What to work on> Among the entries below, copy only the span from the line containing "Ritchies Bakery X Spice Bites" through the line containing "The ultimate veterinary". Do so exactly, and skip the pictures.

Available data>
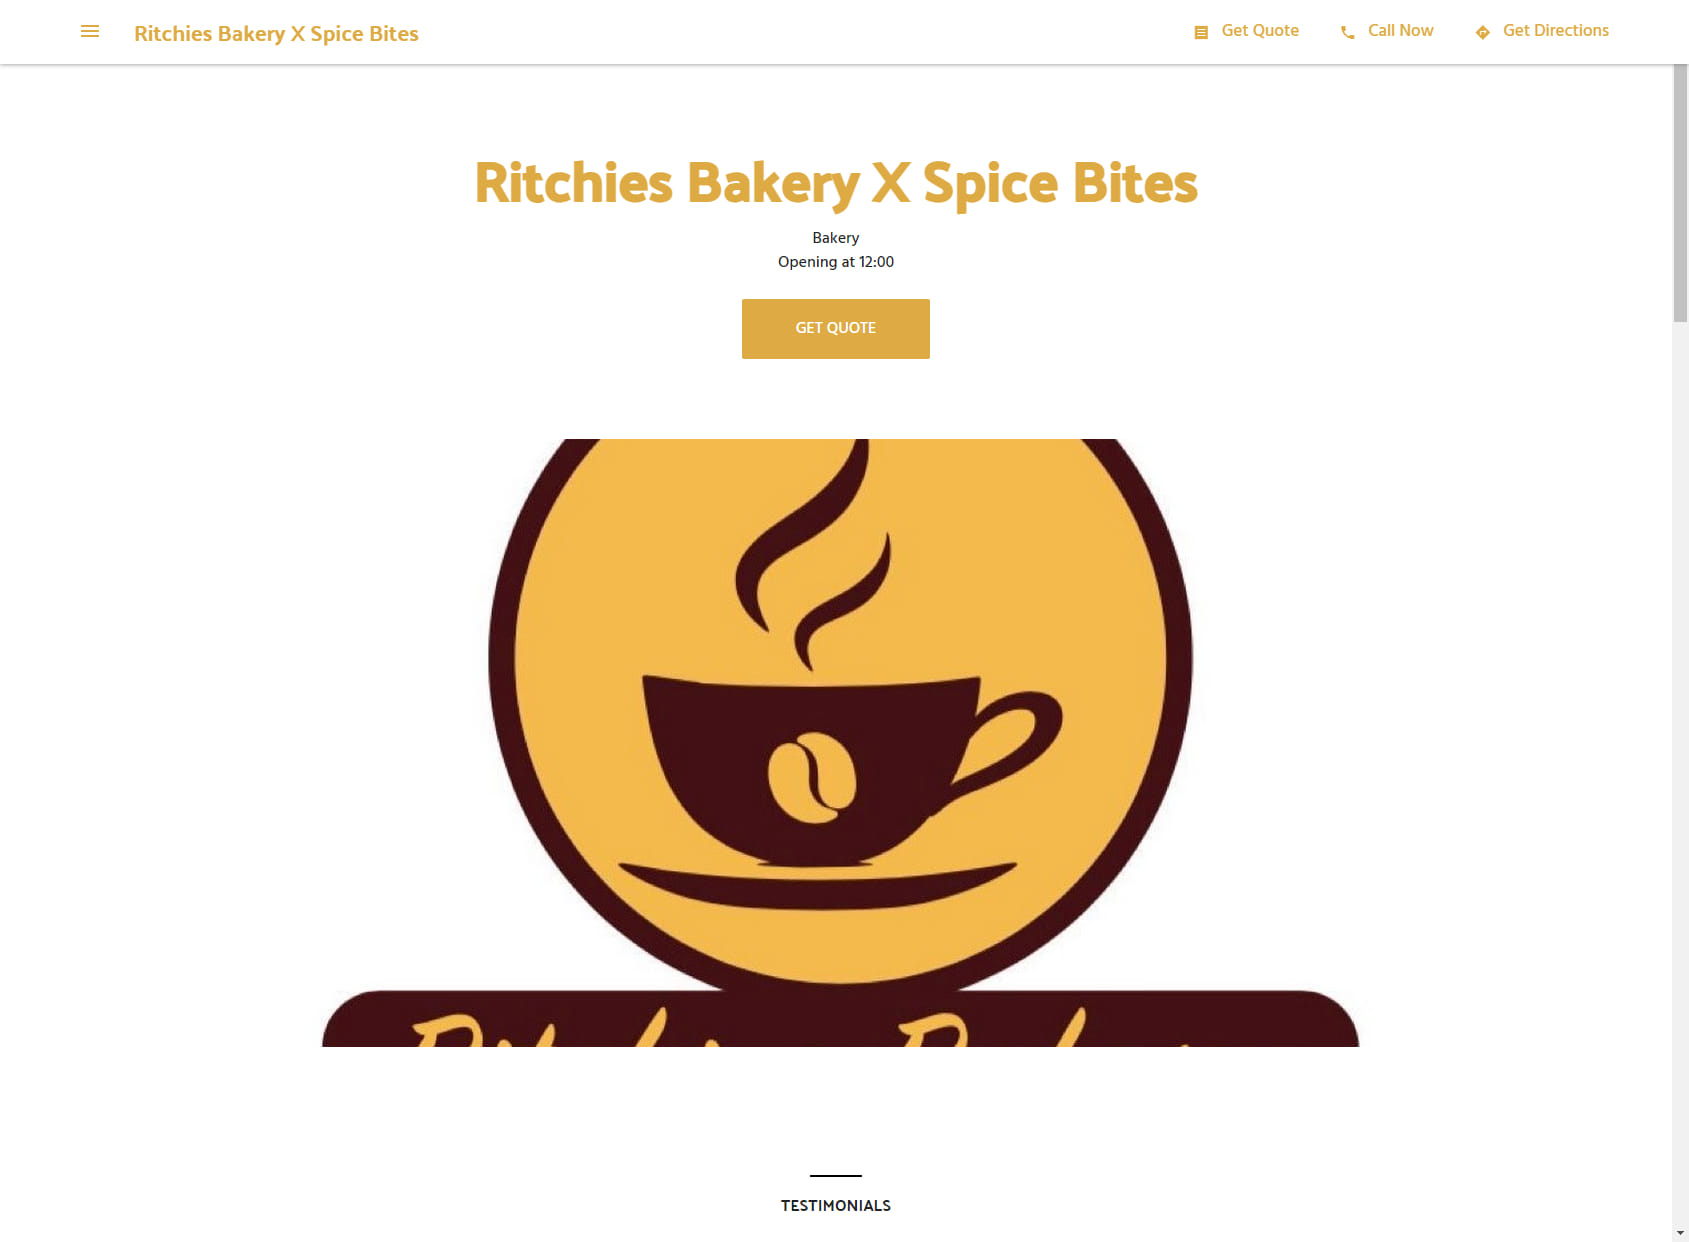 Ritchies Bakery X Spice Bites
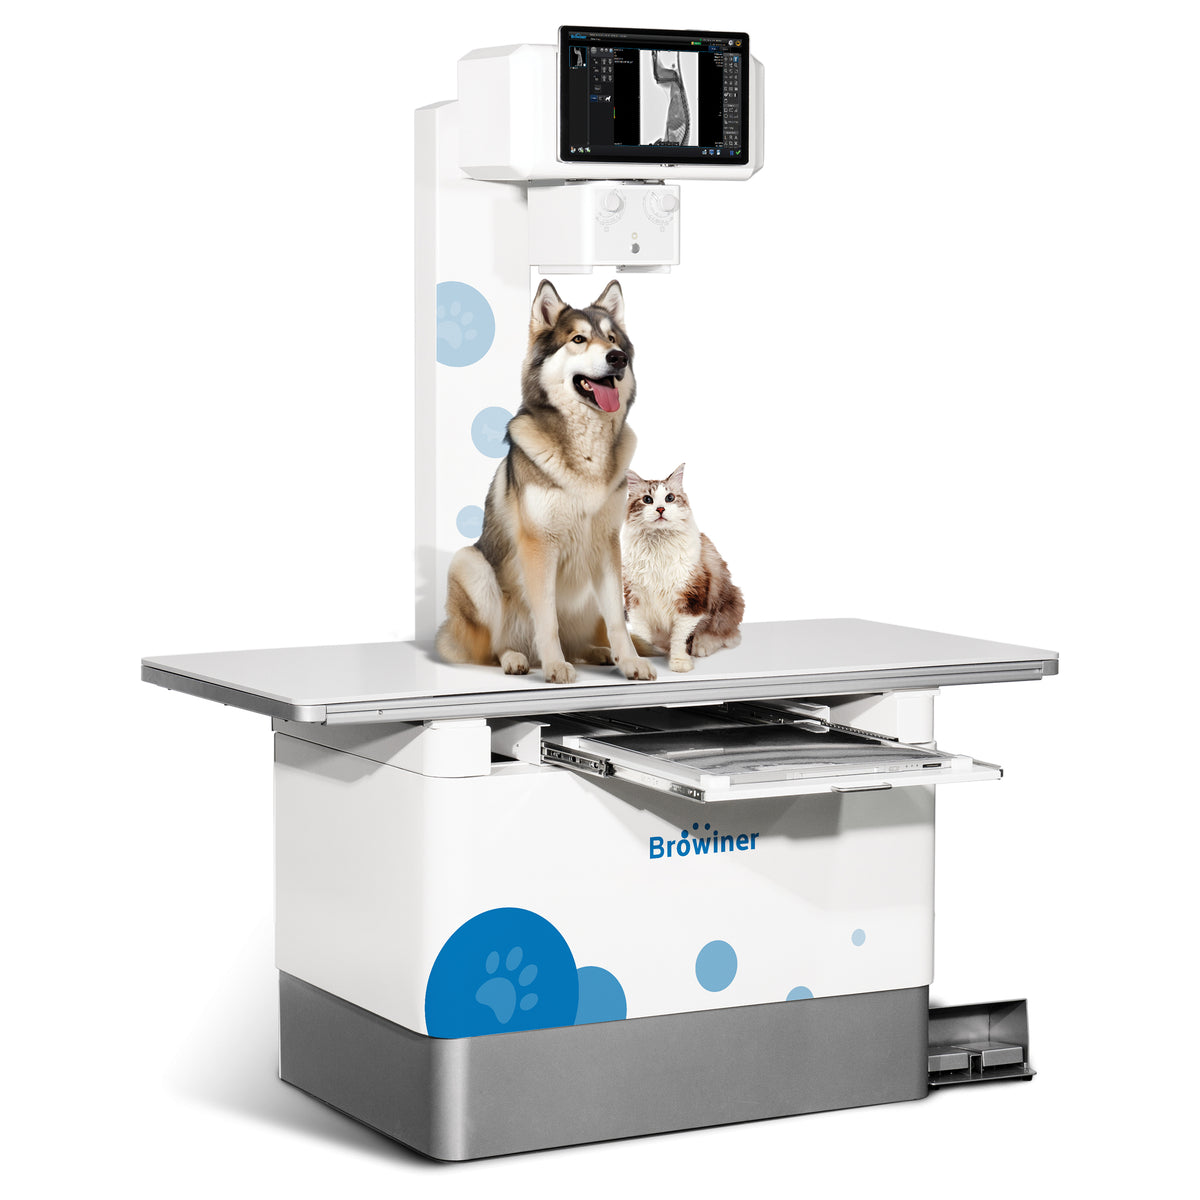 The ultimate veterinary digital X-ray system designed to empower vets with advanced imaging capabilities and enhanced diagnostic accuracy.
--
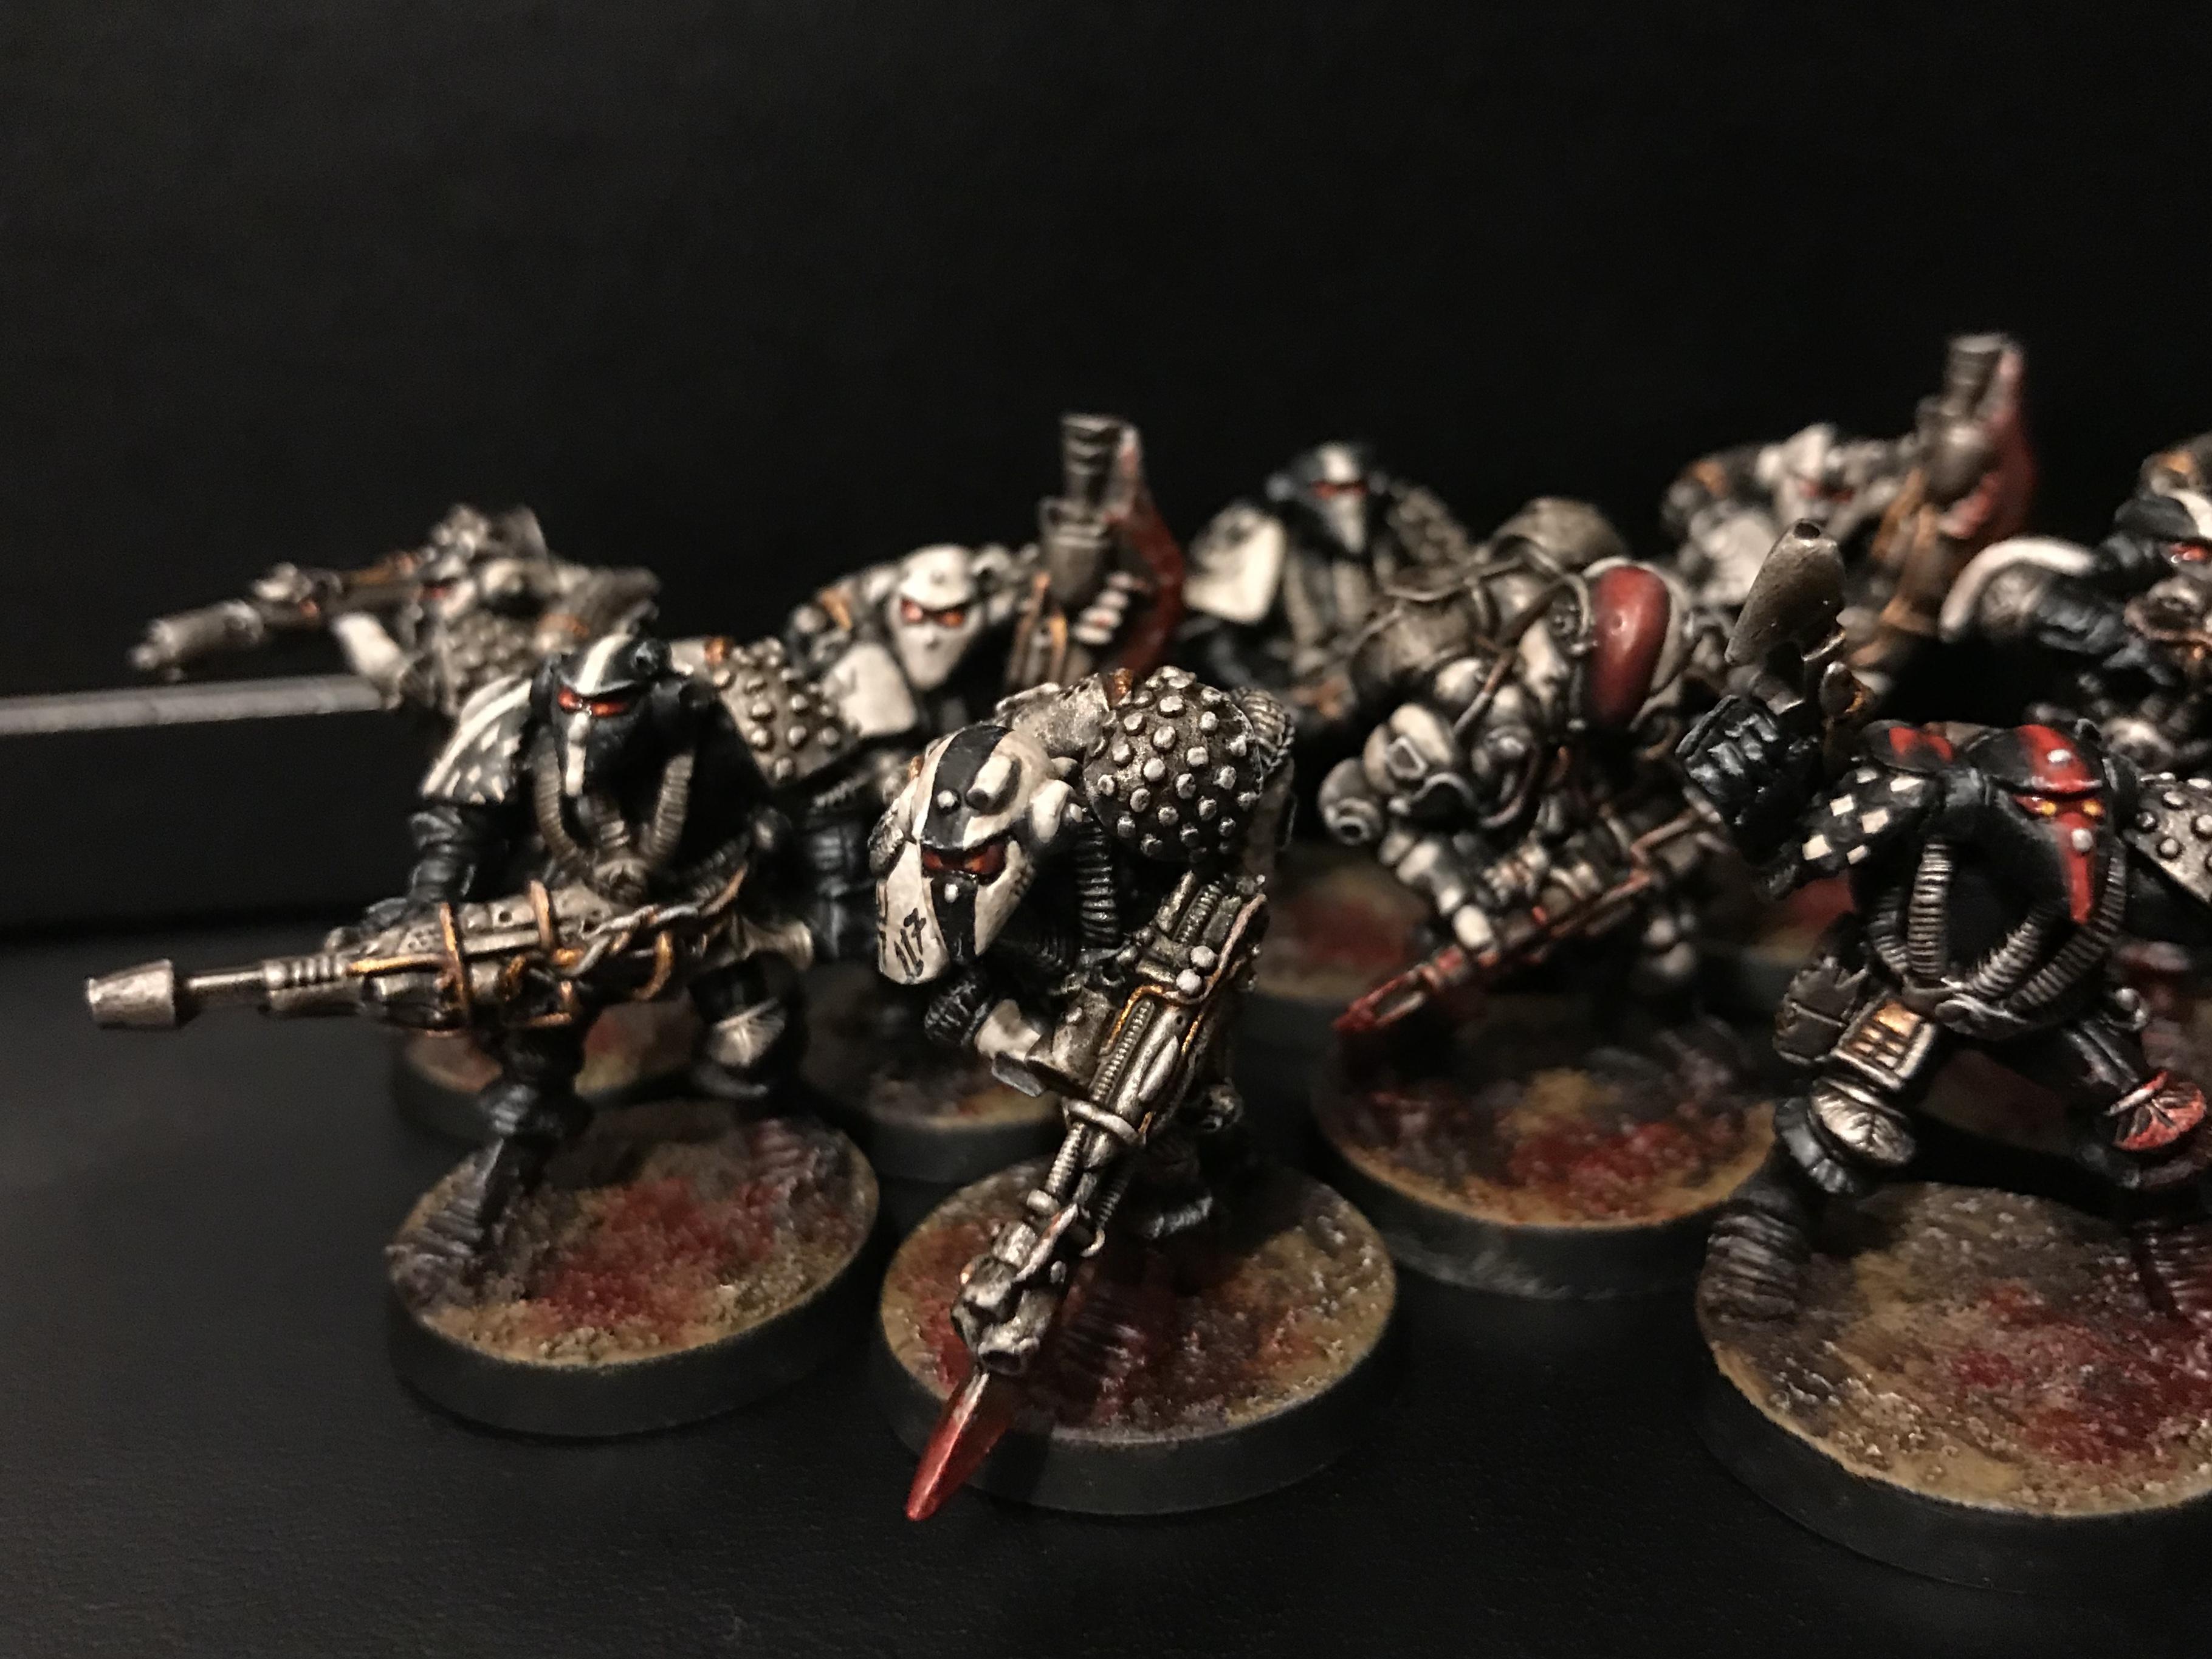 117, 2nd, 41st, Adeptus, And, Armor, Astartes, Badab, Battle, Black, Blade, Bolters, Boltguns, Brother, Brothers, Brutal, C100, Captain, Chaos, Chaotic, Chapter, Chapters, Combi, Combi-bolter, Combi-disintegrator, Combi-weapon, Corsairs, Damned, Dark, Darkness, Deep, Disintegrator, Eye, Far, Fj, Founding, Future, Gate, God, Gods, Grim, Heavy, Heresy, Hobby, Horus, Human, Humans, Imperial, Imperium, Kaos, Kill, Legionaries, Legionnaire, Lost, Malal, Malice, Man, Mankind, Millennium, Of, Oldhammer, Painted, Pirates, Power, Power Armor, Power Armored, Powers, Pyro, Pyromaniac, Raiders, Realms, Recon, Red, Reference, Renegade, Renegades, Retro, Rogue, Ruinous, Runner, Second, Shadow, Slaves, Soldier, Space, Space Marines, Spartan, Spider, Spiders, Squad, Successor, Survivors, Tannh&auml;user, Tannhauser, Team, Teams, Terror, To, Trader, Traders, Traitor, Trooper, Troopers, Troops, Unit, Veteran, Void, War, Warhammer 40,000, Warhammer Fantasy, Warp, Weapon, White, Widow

Answer space>
 Ritchies Bakery X Spice Bites
 The ultimate veterinary digital X-ray system designed to empower vets with advanced imaging capabilities and enhanced diagnostic accuracy.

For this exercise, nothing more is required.